START Data
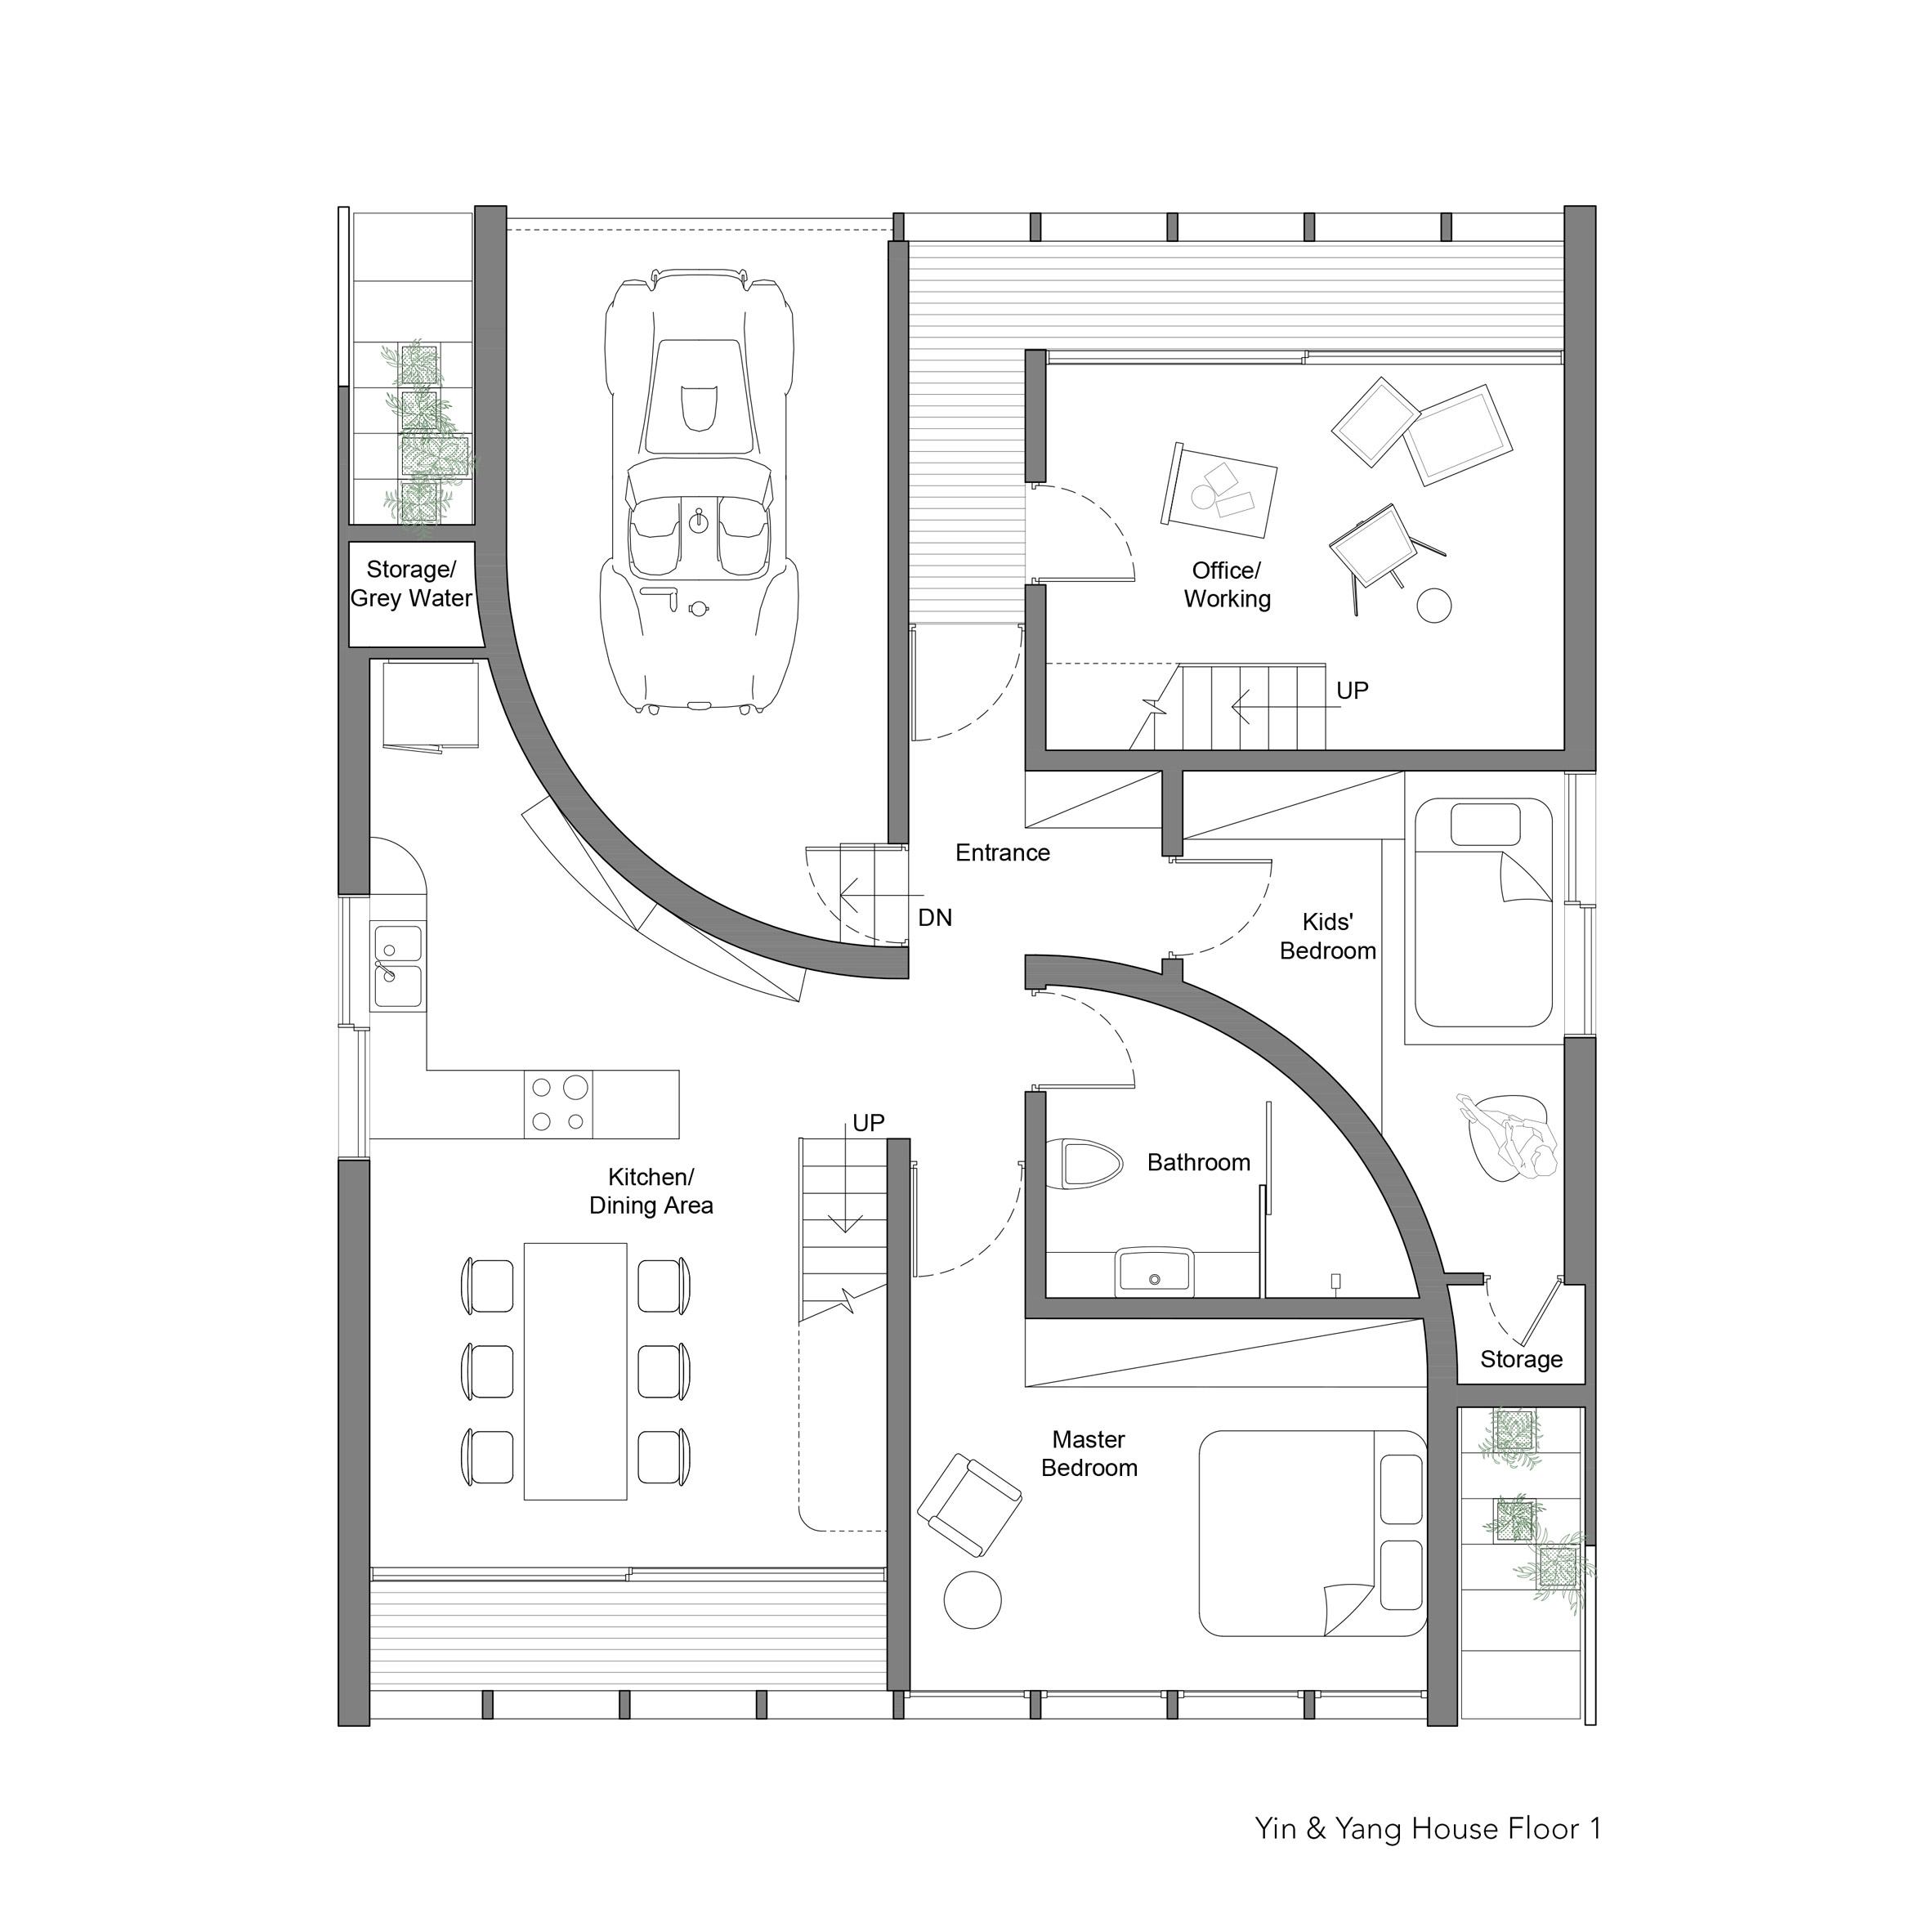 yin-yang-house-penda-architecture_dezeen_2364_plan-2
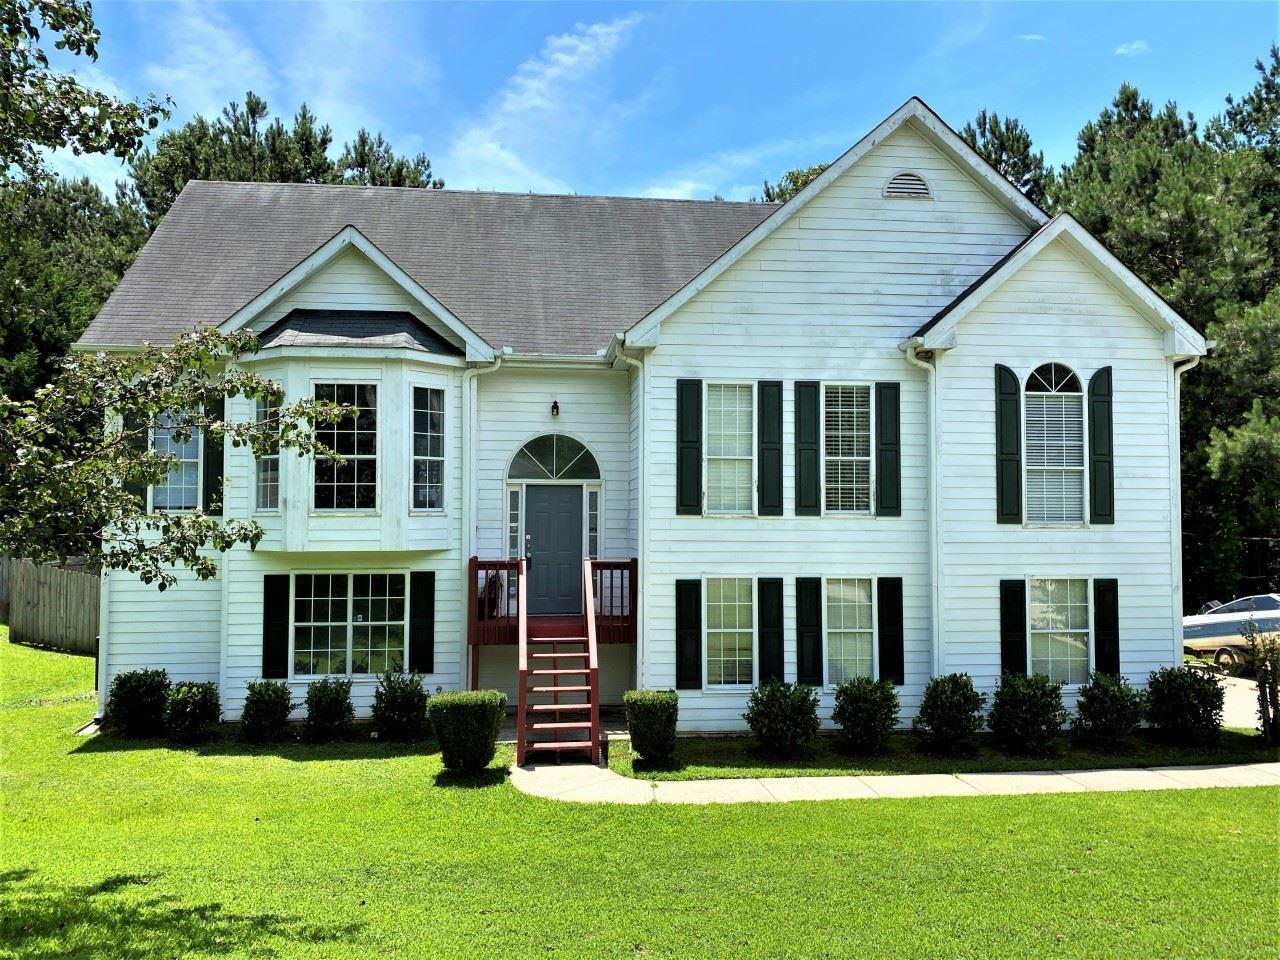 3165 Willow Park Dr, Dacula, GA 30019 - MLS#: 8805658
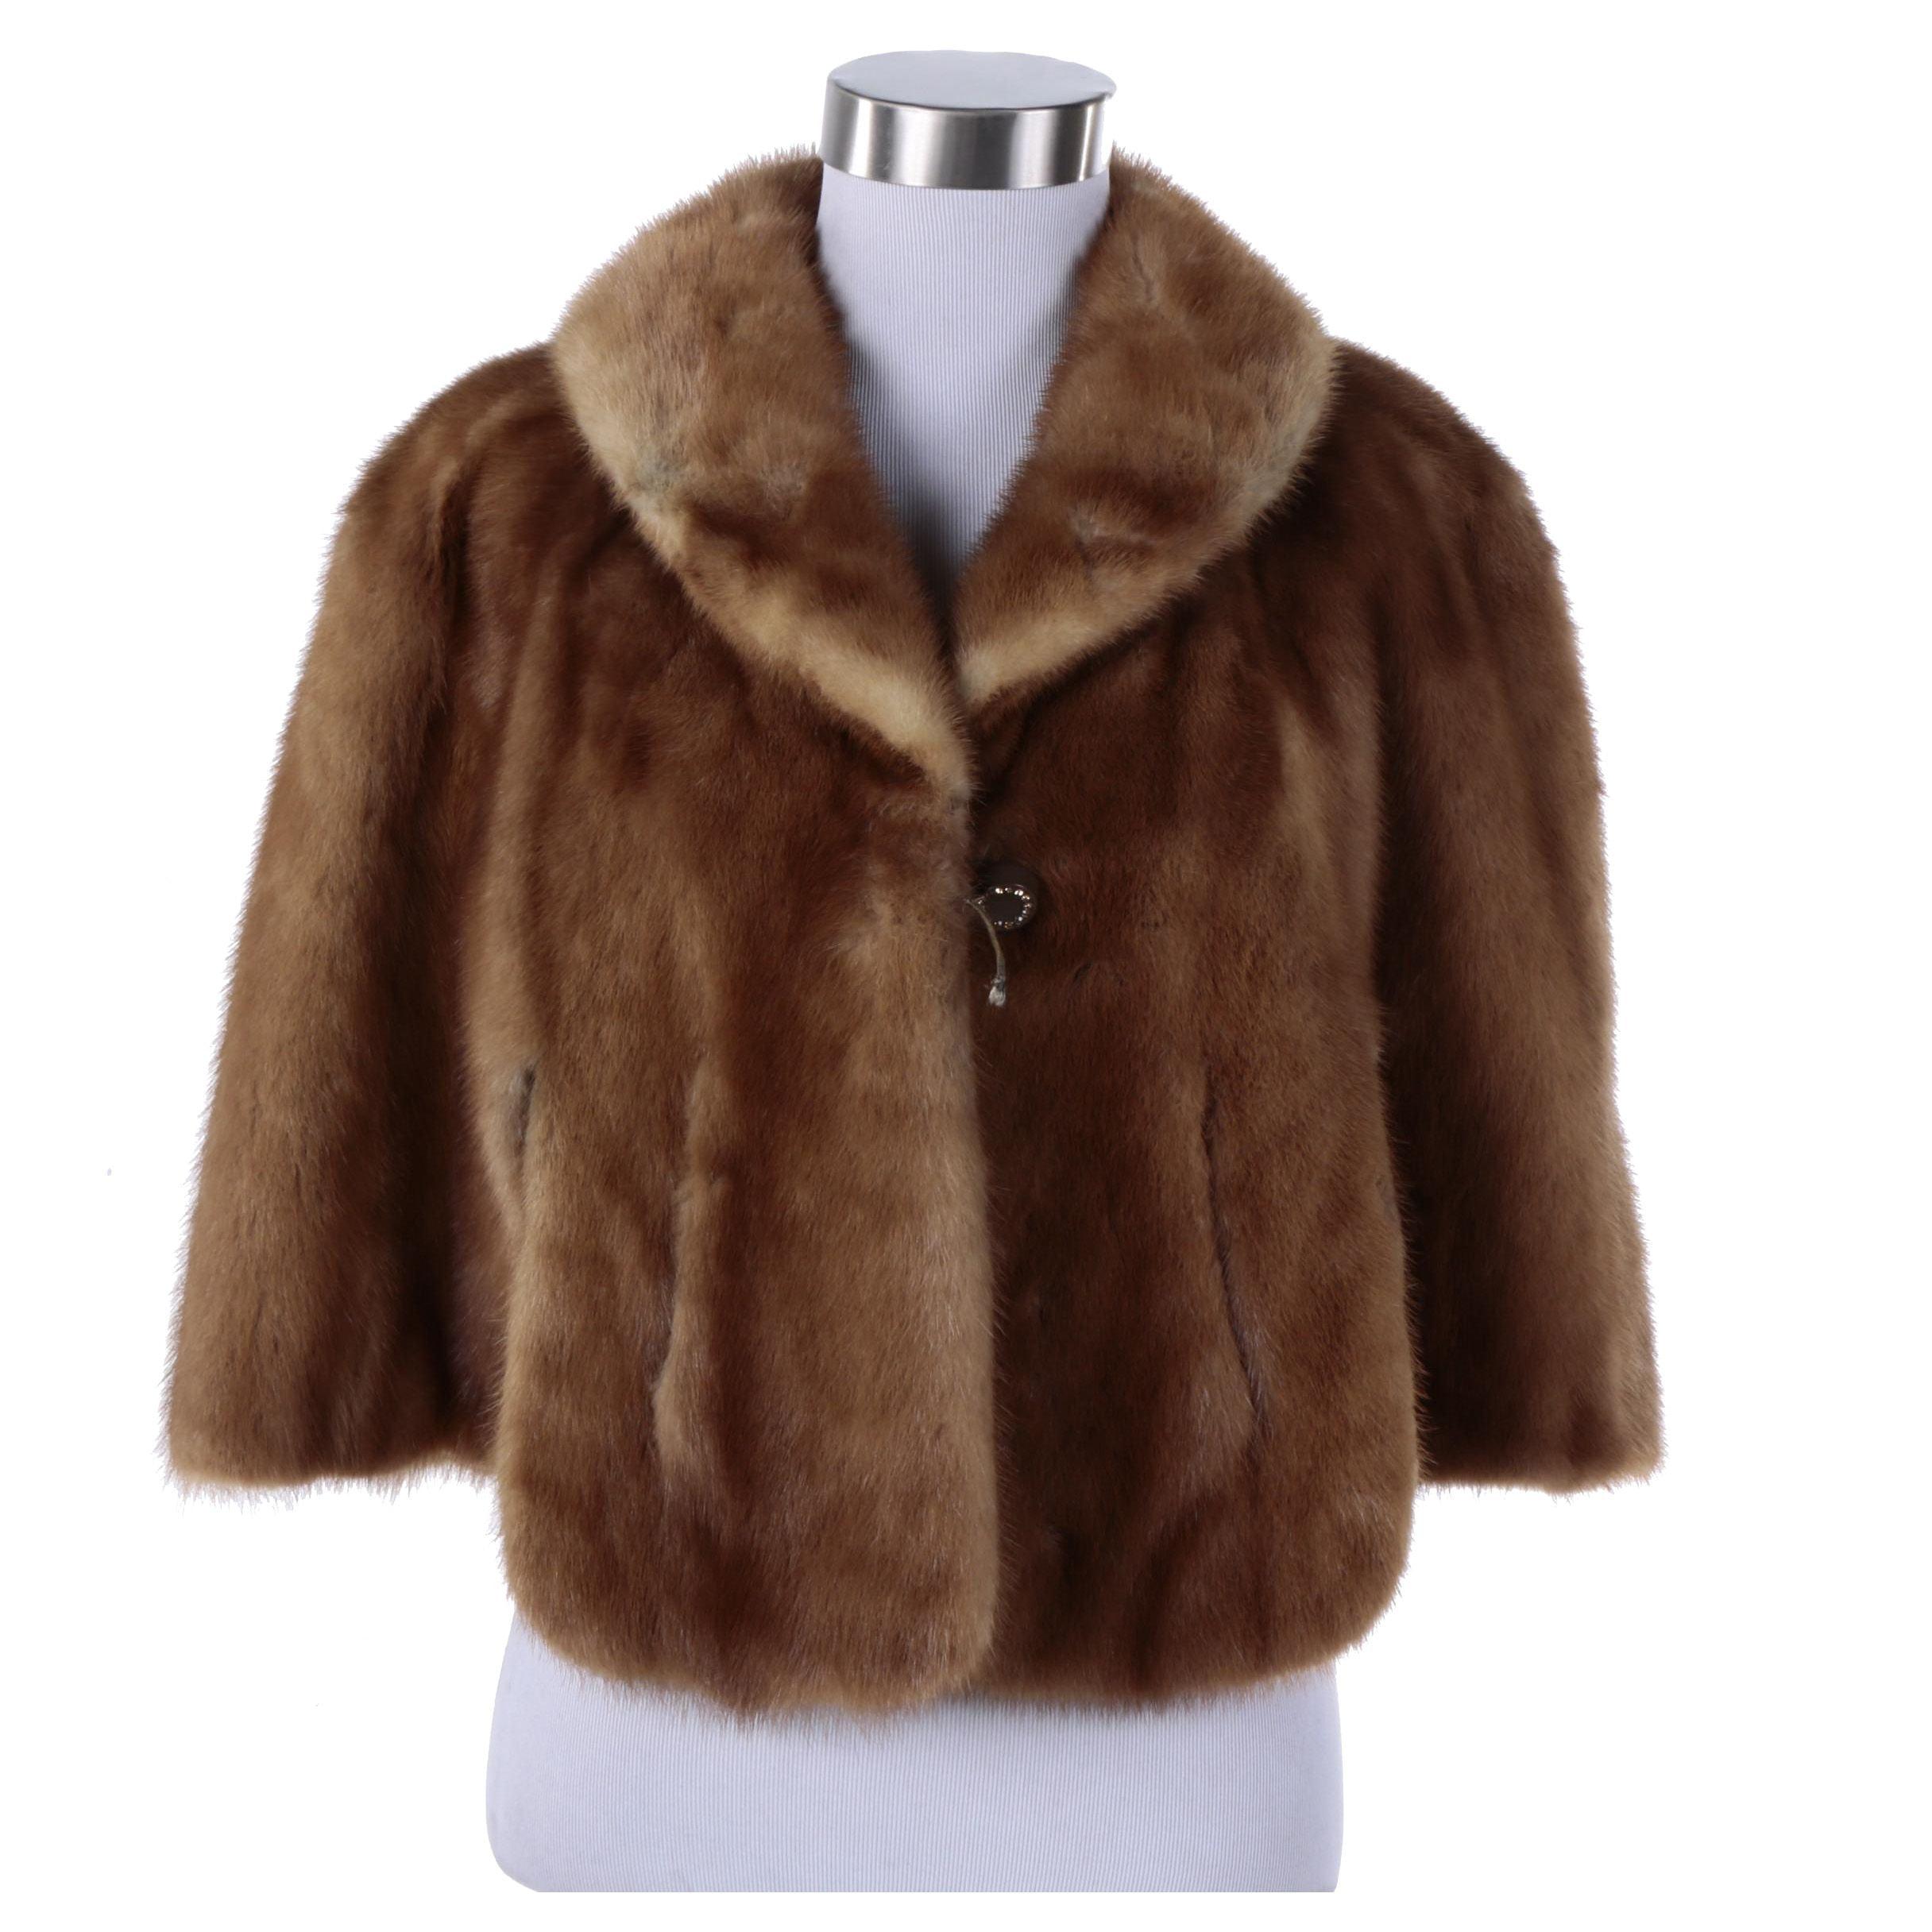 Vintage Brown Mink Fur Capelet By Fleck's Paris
END Data
Activity:
Could you repeat the data exactly, omitting its pictures?

Answer to this problem:
 yin-yang-house-penda-architecture_dezeen_2364_plan-2
 3165 Willow Park Dr, Dacula, GA 30019 - MLS#: 8805658
 Vintage Brown Mink Fur Capelet By Fleck's Paris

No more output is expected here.